Die Restfreiheitsstrafe gegen die unter „Terror“-Vorwürfen in der Türkei verurteilte kurdische Politikerin Aysel Tuğluk ist wegen Haftunfähigkeit für ein Jahr außer Vollzug gesetzt worden. Das teilte die Oberstaatsanwaltschaft Kocaeli am Donnerstag mit. Ein von einem Fachausschuss des gerichtsmedizinischen Institut in der Stadt im Nordwesten des Landes eingeholtes Gutachten habe ergeben, dass die 57-Jährige nicht in der Lage sei, sich im Gefängnis selbst zu versorgen. In einem Jahr soll die Vollzugstauglichkeit Tuğluks erneut geprüft werden, so die Behörde.

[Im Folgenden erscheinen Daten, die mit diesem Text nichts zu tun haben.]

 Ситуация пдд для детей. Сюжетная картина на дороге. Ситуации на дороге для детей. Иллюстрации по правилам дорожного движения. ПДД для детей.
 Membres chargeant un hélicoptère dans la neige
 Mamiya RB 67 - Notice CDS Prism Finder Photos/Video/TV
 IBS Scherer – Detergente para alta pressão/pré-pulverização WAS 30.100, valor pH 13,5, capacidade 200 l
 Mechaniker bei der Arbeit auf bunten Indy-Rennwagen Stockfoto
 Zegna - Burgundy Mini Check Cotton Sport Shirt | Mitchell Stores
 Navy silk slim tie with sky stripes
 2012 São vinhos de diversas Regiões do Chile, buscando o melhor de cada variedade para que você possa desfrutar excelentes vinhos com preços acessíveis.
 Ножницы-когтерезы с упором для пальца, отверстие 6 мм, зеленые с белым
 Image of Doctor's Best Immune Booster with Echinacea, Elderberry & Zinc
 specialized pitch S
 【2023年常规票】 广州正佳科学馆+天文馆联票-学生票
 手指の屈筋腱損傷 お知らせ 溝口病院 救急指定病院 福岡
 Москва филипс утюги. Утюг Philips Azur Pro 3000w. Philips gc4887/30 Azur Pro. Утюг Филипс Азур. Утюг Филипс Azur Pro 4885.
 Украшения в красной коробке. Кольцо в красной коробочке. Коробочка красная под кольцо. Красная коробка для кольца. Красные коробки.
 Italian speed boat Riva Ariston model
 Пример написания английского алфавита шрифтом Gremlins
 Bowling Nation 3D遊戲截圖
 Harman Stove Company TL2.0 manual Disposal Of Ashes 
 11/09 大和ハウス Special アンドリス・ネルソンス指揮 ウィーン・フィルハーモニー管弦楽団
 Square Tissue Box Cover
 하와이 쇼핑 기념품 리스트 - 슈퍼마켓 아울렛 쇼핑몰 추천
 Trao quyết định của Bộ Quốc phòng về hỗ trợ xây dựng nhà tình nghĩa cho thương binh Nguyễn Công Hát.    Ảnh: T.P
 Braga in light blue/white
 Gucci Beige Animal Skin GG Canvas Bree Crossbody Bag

Aysel Tuğluk befindet sich bereits seit Oktober vergangenen Jahres vorläufig auf freiem Fuß. Die frühere Parlamentsabgeordnete und stellvertretende HDP-Vorsitzende, die im Gefängnis an Demenz erkrankt ist, war entlassen worden, nachdem sie auf Grundlage eines Gutachtens des Instituts für Rechtsmedizin (ATK) für „strafvollzugsuntauglich” erklärt wurde. Dass sie unter einer chronischen und fortschreitenden Alzheimer-Demenz leidet, hatten Fachleute der forensischen Abteilung der Universität Kocaeli schon im Frühjahr 2021 festgestellt. Sie sei nicht länger haftfähig und müsse sofort aus dem Gefängnis entlassen werden, urteilte das Sachverständigengremium damals.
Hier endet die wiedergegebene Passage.